The Postman was a great book for its genre, and I screamed when I heard Kevin Costner had his ham-handed hands on it. Please all y'all go read The Postman.
posted by 2soxy4mypuppet at 7:13 PM on February 3, 2015 [1 favorite]


I thought that Costner was fading into worn-out character roles, in which he wasn't terrible, and I could actually stomach that lazy-mouthed, slouching, wooden faced, GUY!-guy of no real interest.

Now he is coming back as "leading-man", and I do not approve.

The film looks execrable for entirely different reasons.
posted by allthinky at 7:37 PM on February 3, 2015 [1 favorite]


Please all y'all go read The Postman.

It was alright.
posted by Steely-eyed Missile Man at 8:04 PM on February 3, 2015


Dane-Cook-is-Killed is really a cross-genre dream. Kevin Costner has already done it once. Let's get someone else. Say Willem Dafoe as a disgraced priest who has to save orphans and Dane Cook as the unnamed henchman of a drug lord who has to kill the orphans before they can testify. Dane Cook as the boyfriend who dies at the beginning of an Amy Adams film where she has to find herself again as the revelations of his cheating and criminal activities come to light. The movie where Kevin Costner is killed by Dane Cook only to be hunted down by the wolves raised by Costner's character. Dane Cook and Kevin Costner having to sit through a racial sensitivity course (previously on Metafilter) and then live in Watts for six months. That might count as reality TV worth watching.
posted by Ignorantsavage at 8:17 PM on February 3, 2015 [1 favorite]

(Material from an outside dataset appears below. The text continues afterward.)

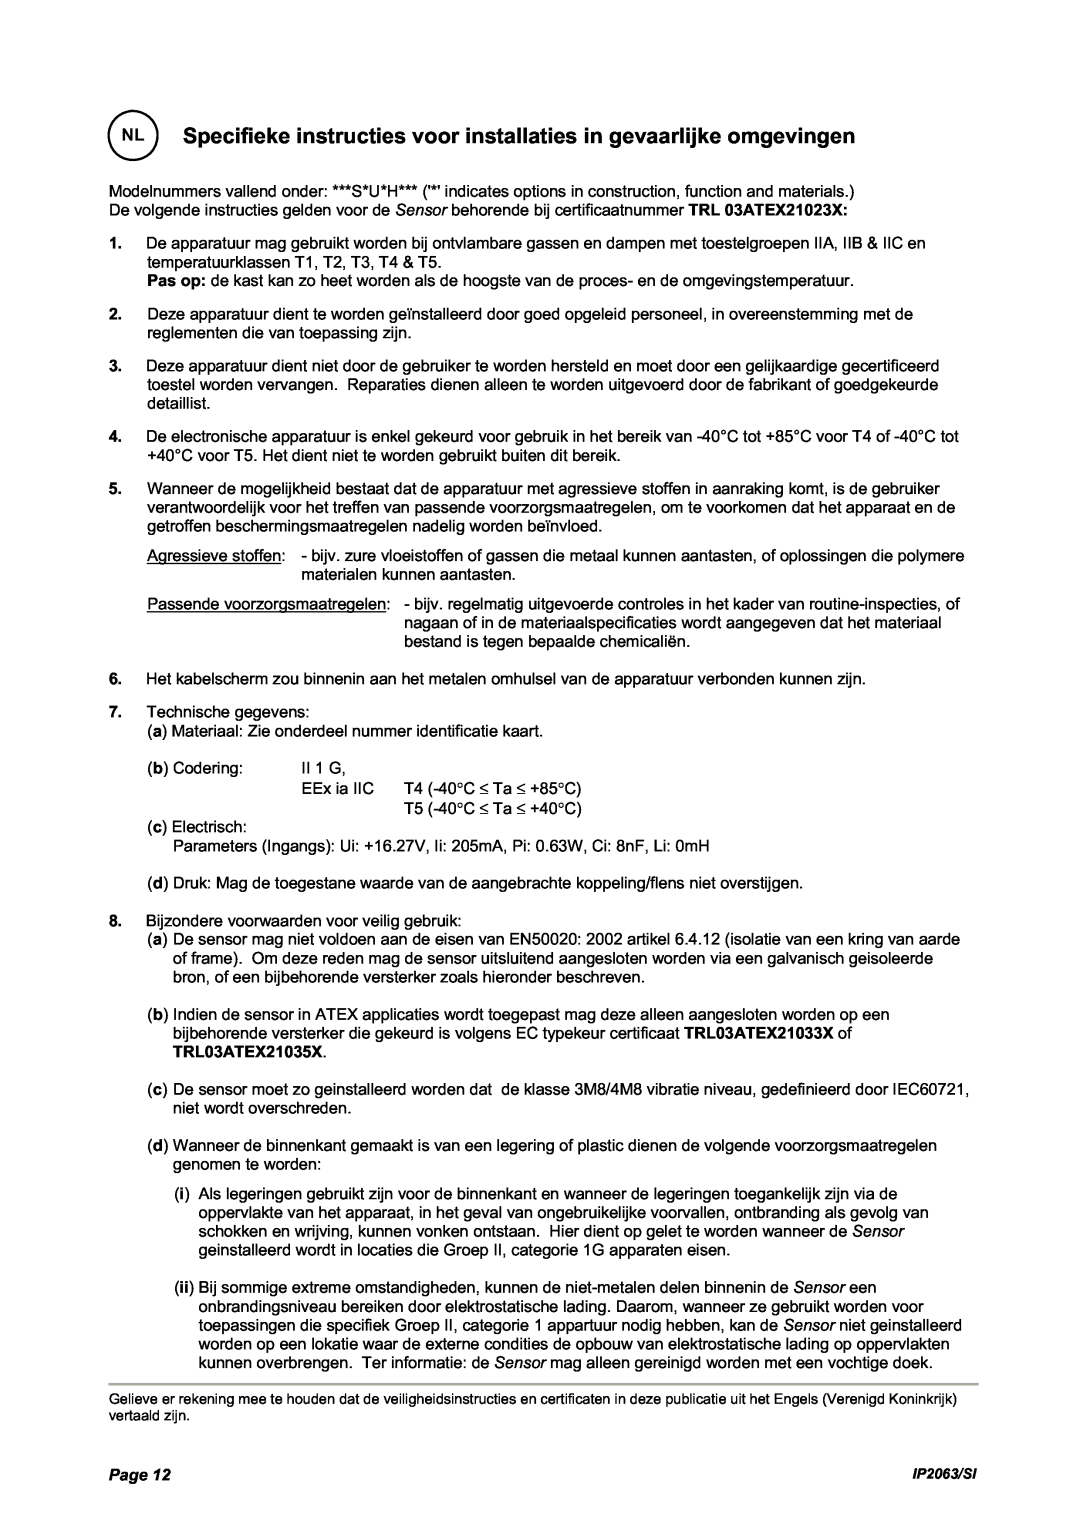 Emerson IP2063/SI manual NL Specifieke instructies voor installaties in gevaarlijke omgevingen, Page 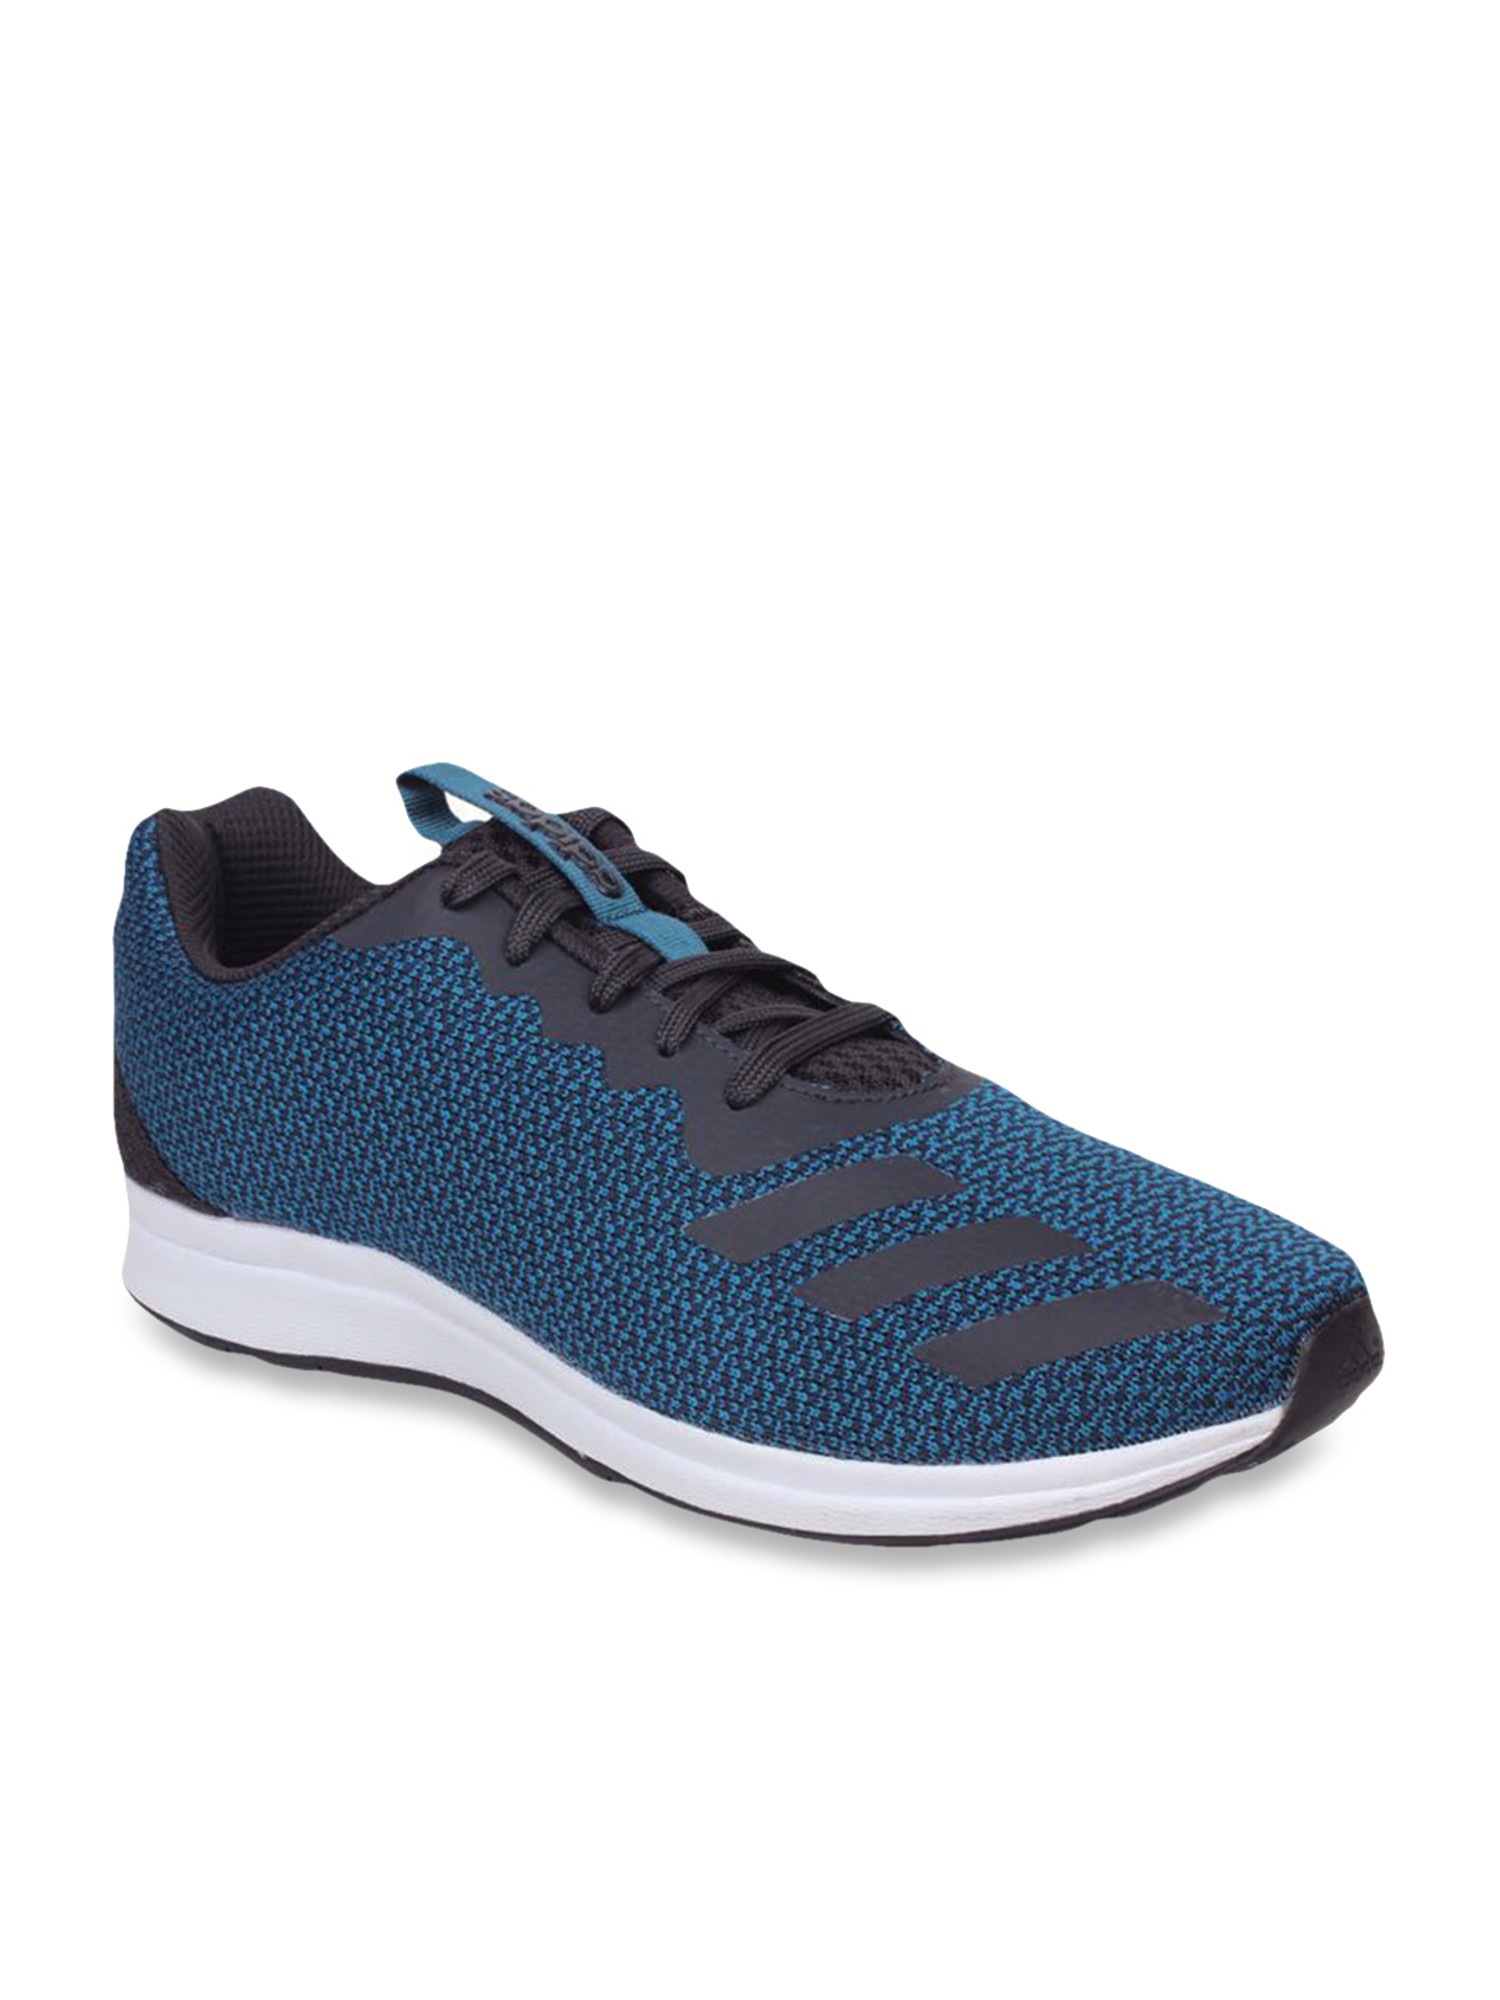 Buy Adidas Adispree 4.0 Teal Blue

JFK and the Untouchables were watchable.

Untouchables goes downhill fast after Connery exits stage left.
posted by madajb at 9:10 PM on February 3, 2015


Ignorantsavage -

I admit, I have not seen it, but Netflix has it, so added to the queue.
posted by madajb at 9:13 PM on February 3, 2015


"3 Days to Kill" was non-terrible. It was far more a Luc Besson movie with Kevin Costner in it than it was a Kevin Costner movie.
posted by Mister Moofoo at 11:30 PM on February 3, 2015 [1 favorite]


Jesus. This movie sounds vomitous.

Oh well, one more thing not to take any notice of.
posted by glasseyes at 1:41 PM on February 4, 2015


When some friends of mine adopted a multiracial daughter, they actually took classes set up specifically to teach white parents how to care for their children's hair. I believe it was set up as an offshoot of the adoption support group they were in; however, as residents of one of the only states with legal Open Adoption, there may be a more robust adoption community than in other locations.